Special Issue Information

Dear Colleagues,

Urological malignancies, including prostate, urothelial, renal, and testicular cancers, pose significant challenges to patients due to their heterogeneity and variable responses to treatment. While traditional approaches can lead to suboptimal outcomes and unnecessary toxicity, new targeted therapies may represent a paradigm shift, offering personalised strategies tailored to the unique molecular profiles of tumors and patients.

This Special Issue aims to bring together the latest advances in the discovery, validation, and clinical application of prognostic approaches and monitoring biomarkers for uro-oncology targeted therapies.

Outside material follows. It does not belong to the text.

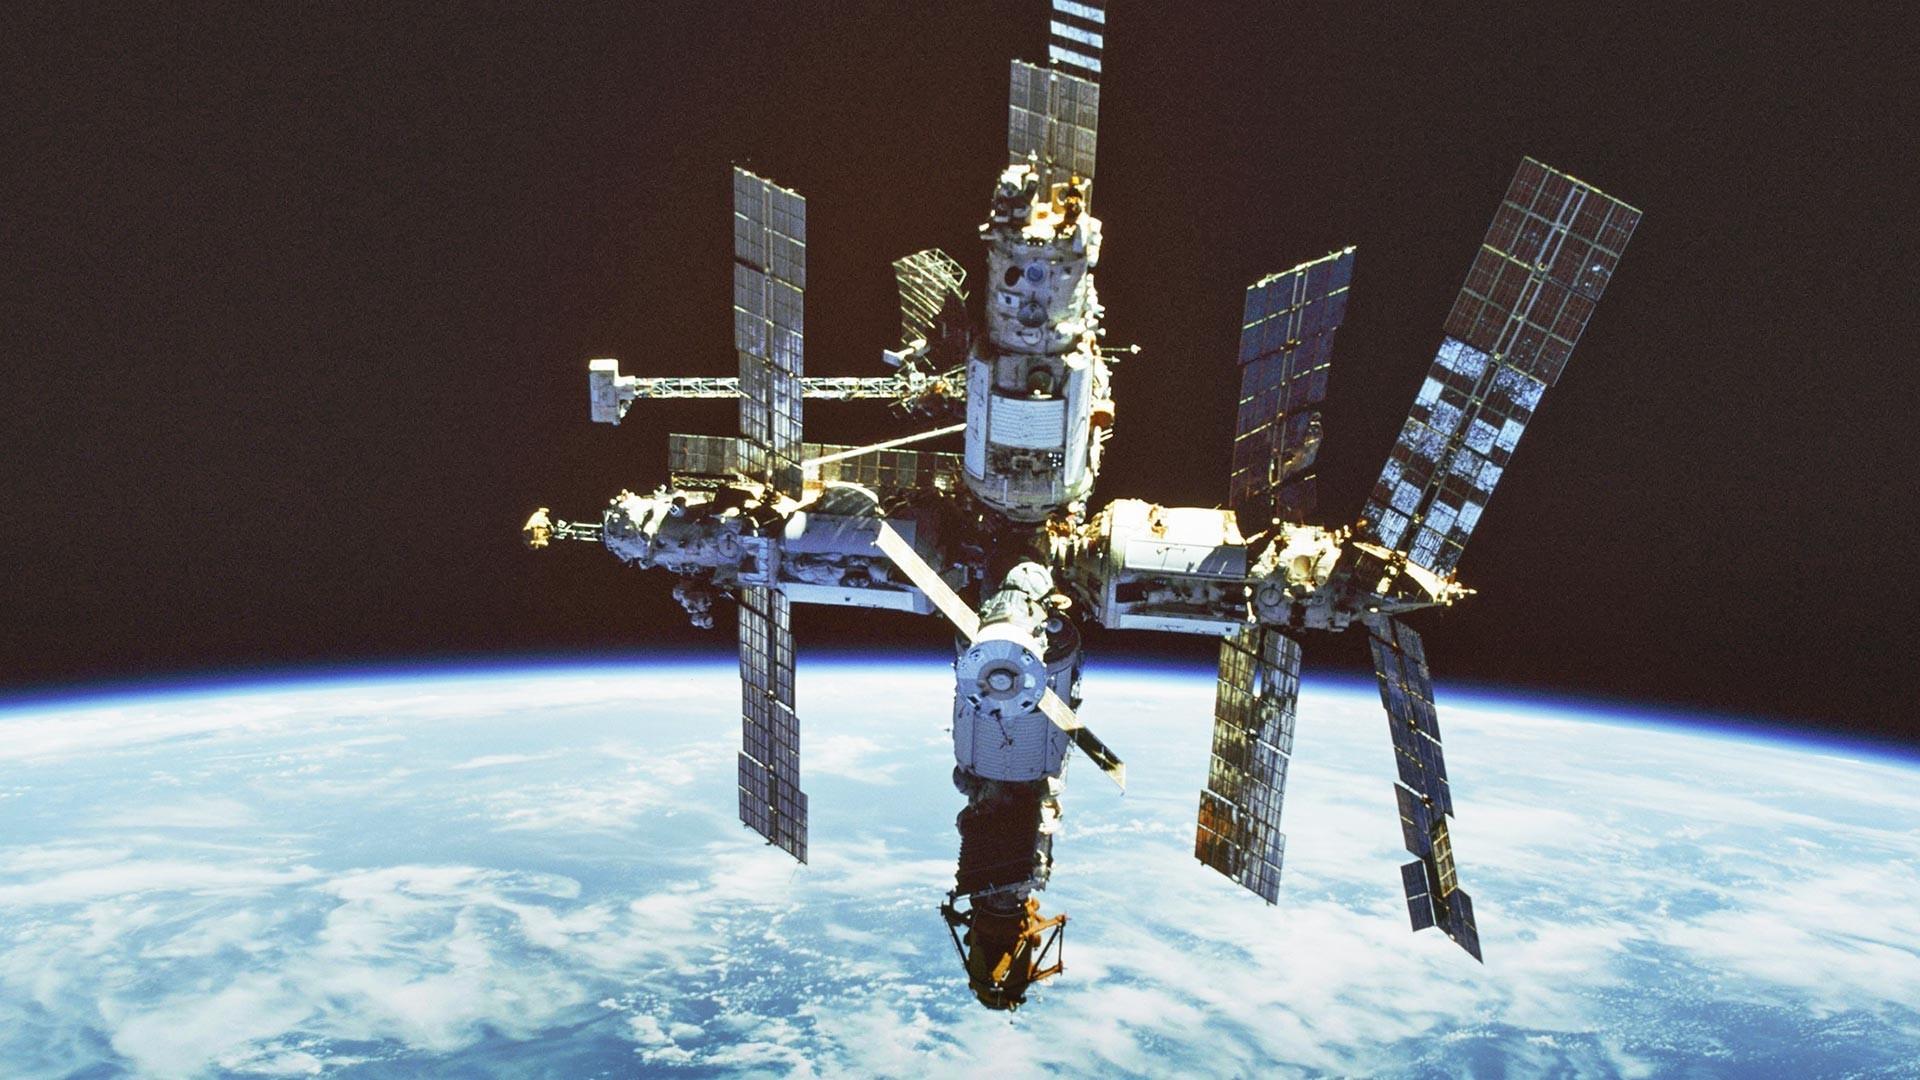 Il complesso orbitale Mir

From genomic and proteomic signatures (taking advantage of recent advances in machine learning and artificial intelligence) to circulating tumor cells and imaging biomarkers, each contribution will provide new insights into treatment response prediction, prognosis estimation, and therapy resistance mechanisms.

We encourage the submission of original research articles and comprehensive literature reviews that provide an overview of the interdisciplinary collaboration between basic scientists and clinicians and accelerate the translation of biomarker discoveries from bench to bedside, ultimately improving patient outcomes and survival.

Dr. Razvan Bardan
Guest Editor

Manuscript Submission Information

Manuscripts should be submitted online at www.mdpi.com by registering and logging in to this website. Once you are registered, click here to go to the submission form. Manuscripts can be submitted until the deadline. All submissions that pass pre-check are peer-reviewed. Accepted papers will be published continuously in the journal (as soon as accepted) and will be listed together on the special issue website. Research articles, review articles as well as short communications are invited. For planned papers, a title and short abstract (about 100 words) can be sent to the Editorial Office for announcement on this website.

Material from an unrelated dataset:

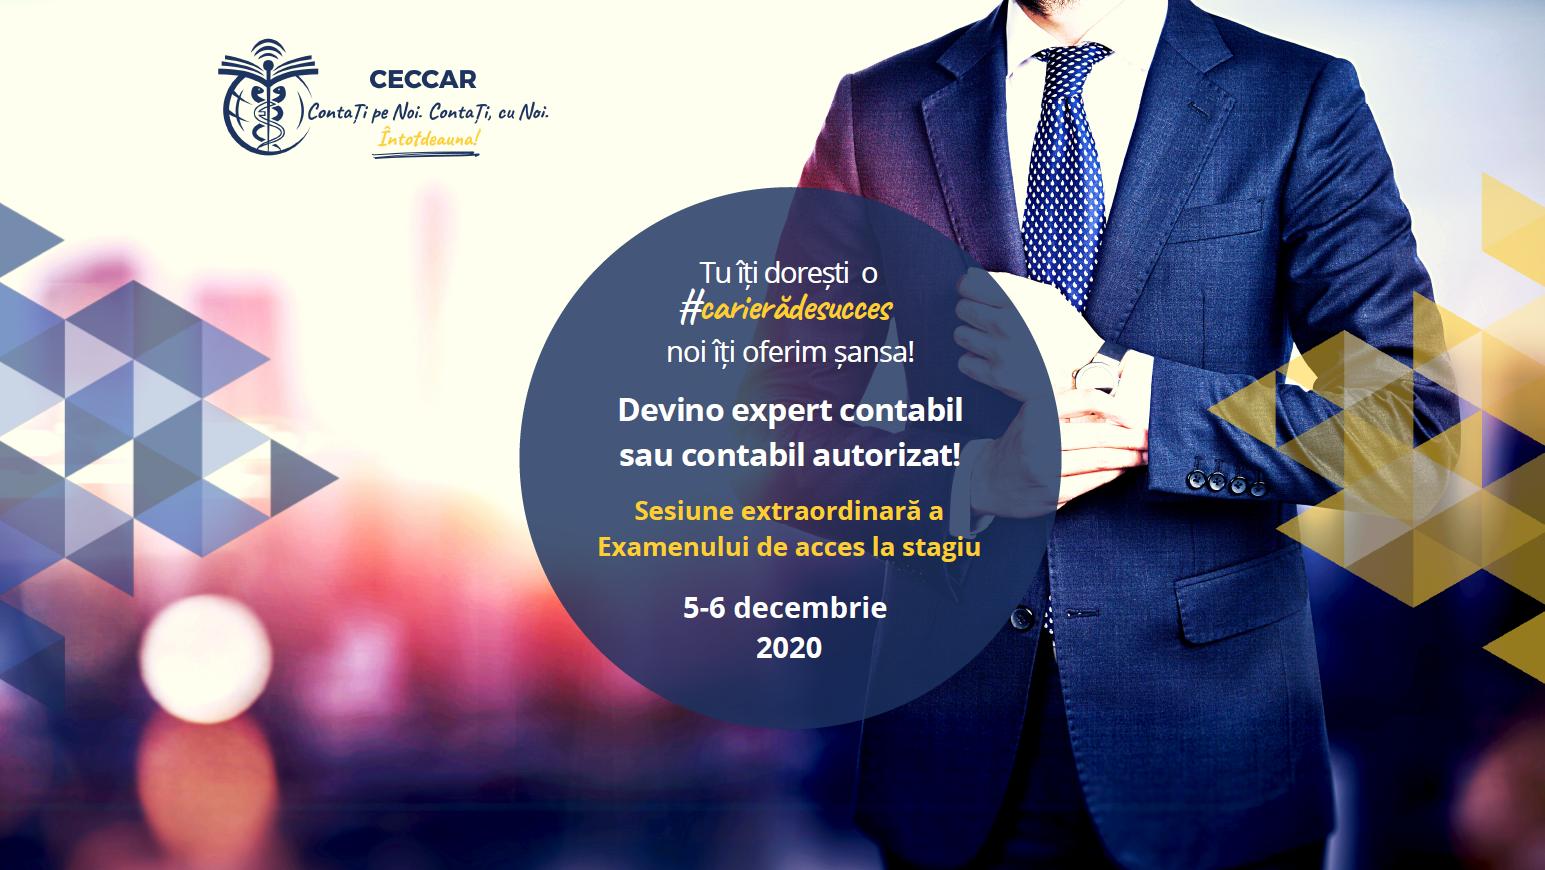 Sesiune extraordinara Examen de acces CECCAR decembrie 2020

Submitted manuscripts should not have been published previously, nor be under consideration for publication elsewhere (except conference proceedings papers). All manuscripts are thoroughly refereed through a single-blind peer-review process. A guide for authors and other relevant information for submission of manuscripts is available on the Instructions for Authors page. Journal of Personalized Medicine is an international peer-reviewed open access monthly journal published by MDPI.

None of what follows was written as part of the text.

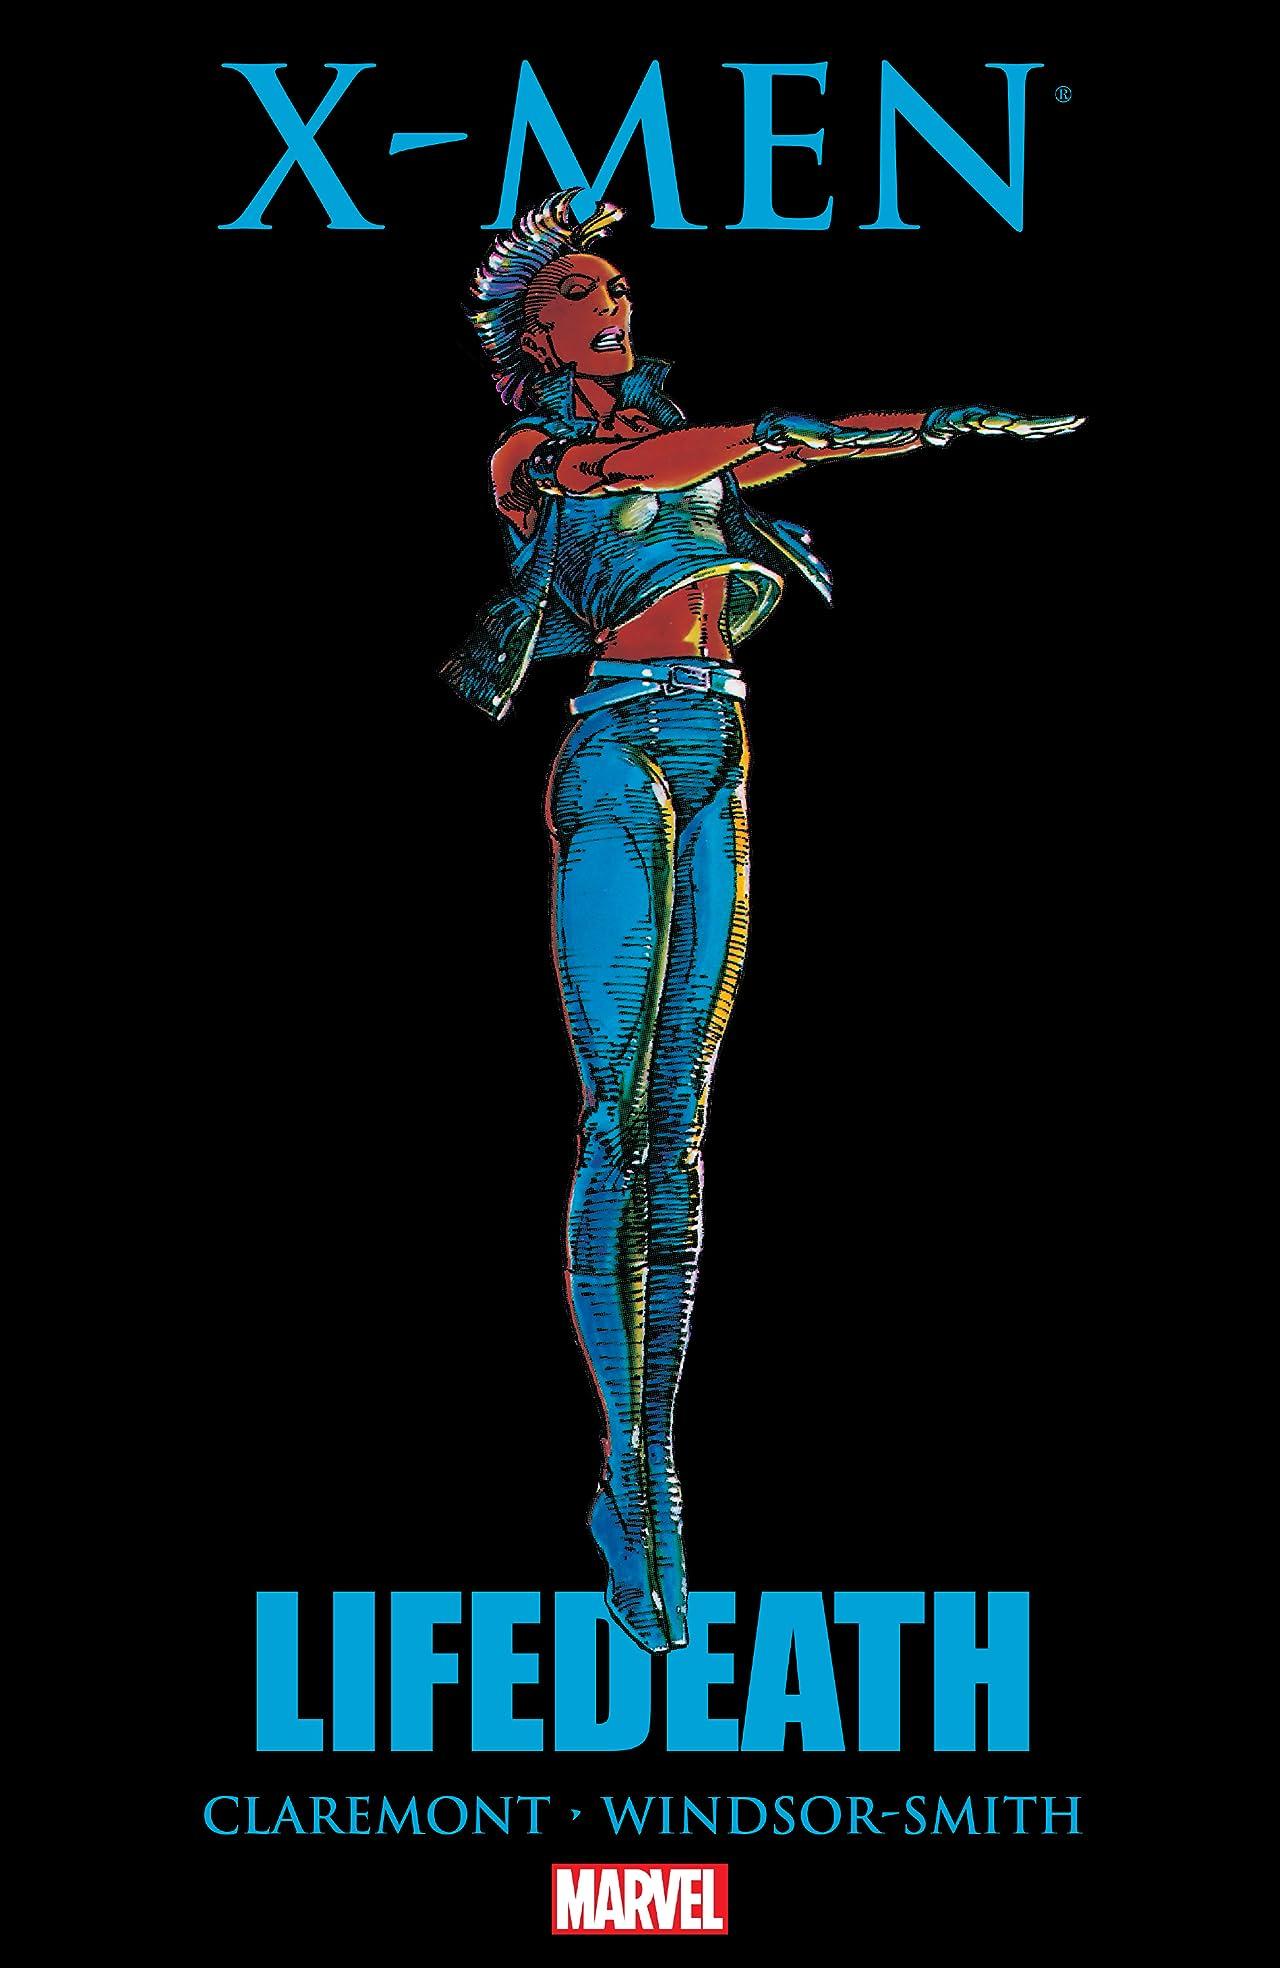 X-Men: Lifedeath

Please visit the Instructions for Authors page before submitting a manuscript. The Article Processing Charge (APC) for publication in this open access journal is 2600 CHF (Swiss Francs). Submitted papers should be well formatted and use good English. Authors may use MDPI's English editing service prior to publication or during author revisions.

Keywords

  • targeted therapy
  • urological oncology
  • biomarker
  • epigenetic changes
  • tumor mutational burden
  • proteomics
  • circulating tumor cells
  • liquid biopsy
  • radiomics

Published Papers (1 paper)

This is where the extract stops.